The Play That Goes Wrong, by Henry Lewis, Jonathan Sayer, and Henry Shields of the UK’s Mischief Theatre Company, has been translated into more than 20 languages since it won Best New Comedy at the 2015 Laurence Olivier Awards. 
 
The farce purports to be a 1920s murder mystery put on by the amateur theatre company, the Cornley Polytechnic Drama Society. 
 
“Everything that can go wrong... does!” the play’s British website declares. “The accident-prone thespians battle against all odds to make it through to their final curtain call, with hilarious consequences!” 
 
The Malmö production's director and translator Sven Melander is promoting it in Sweden as “what would happen if Monty Python put on an Agatha Christie murder mystery”, and “a combination of Fawlty Towers and Papphammar [a Swedish 1980s comedy]”. 
 
Löfmark said he had seen the play twice in London before discovering that he would take part in a production of it, and has seen it twice again since.
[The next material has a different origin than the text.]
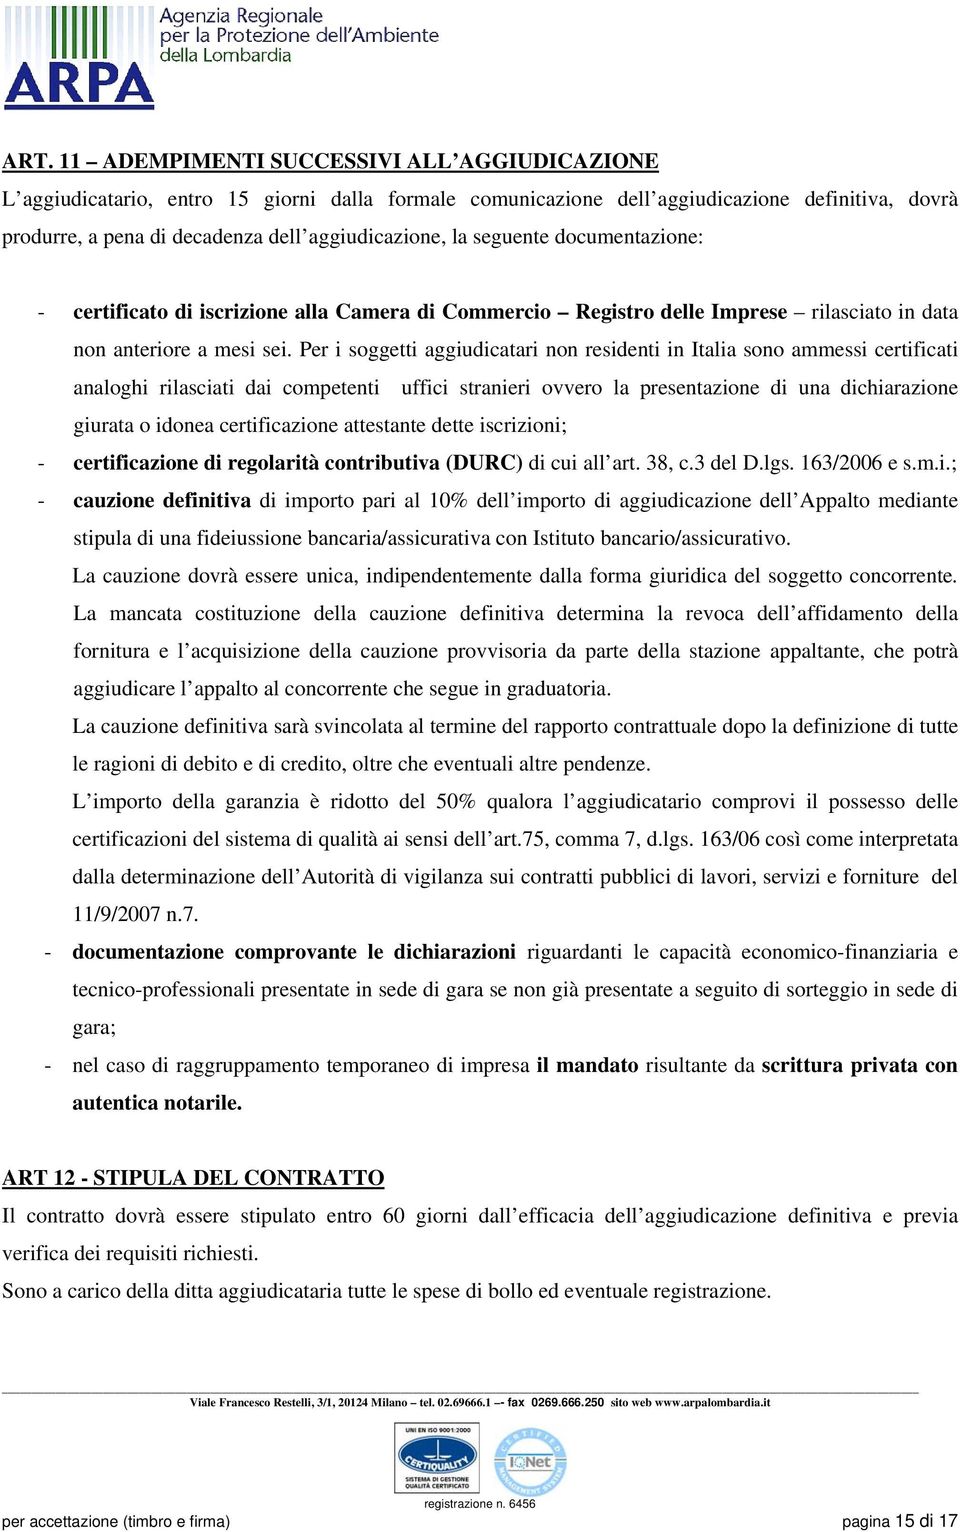 Per i soggetti aggiudicatari non residenti in Italia sono ammessi certificati analoghi rilasciati dai competenti uffici stranieri ovvero la presentazione di una dichiarazione giurata o idonea
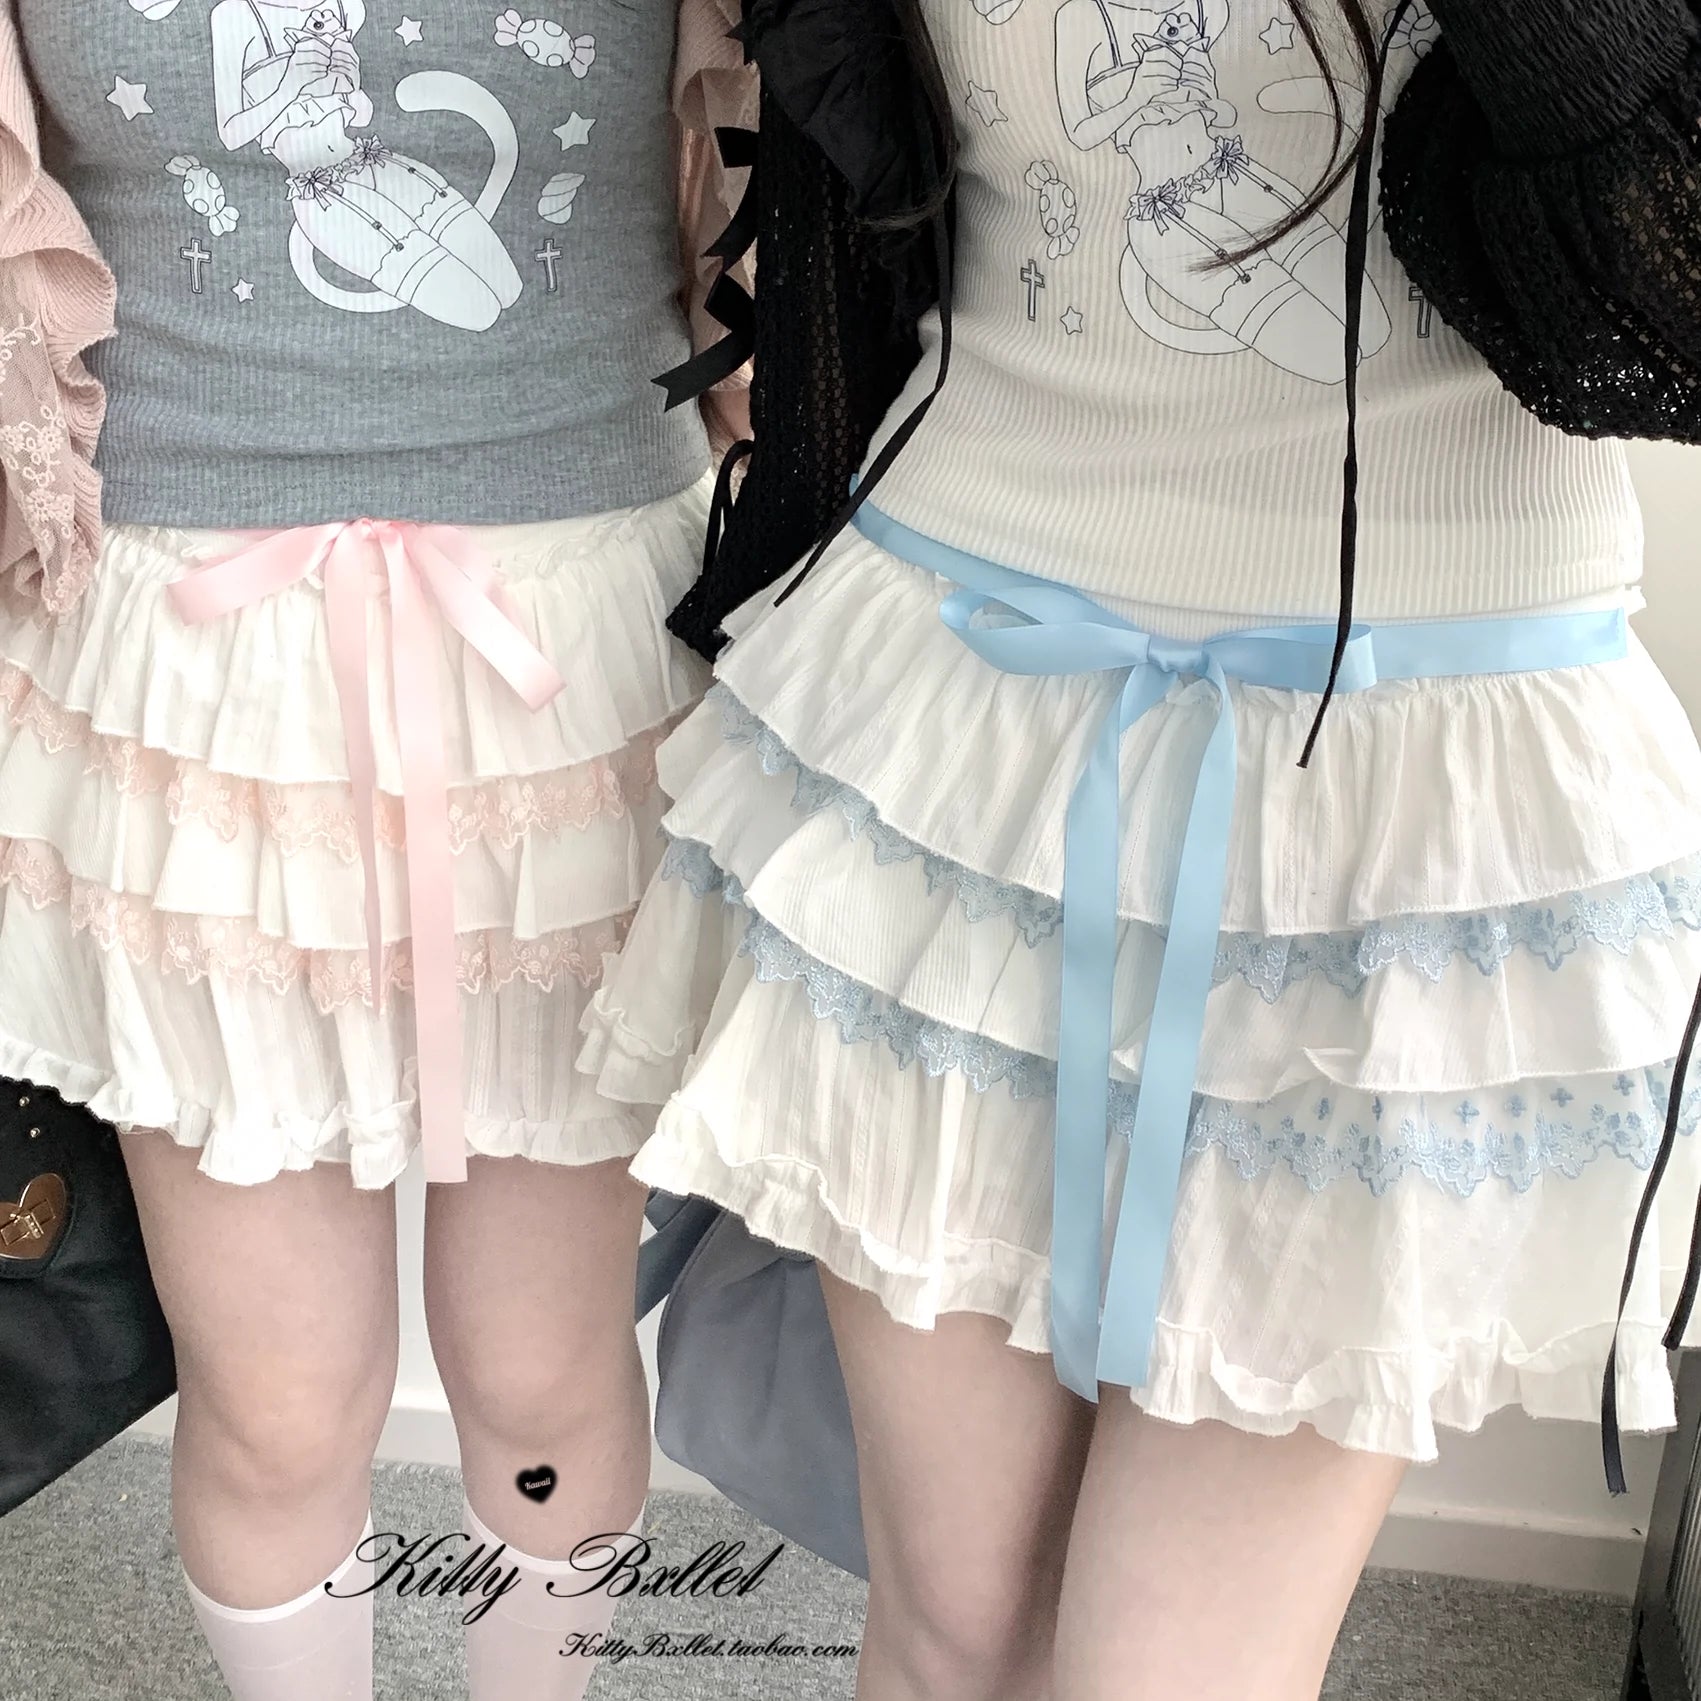 Ryousangata Skirt Lace Cake Skirt And Apron Set 36790:536206

He said that he expected it to go down well in Malmö. 
 
“Especially in the south of Sweden, we have the same sense of humour as the Brits, and this play is extremely funny."
 
He said he did not know Olsson saw the funny side of the injury, but confirmed that he would perform the risky stage fall once again during the opening night at Malmö’s Nöjesteatern by Folkets Park.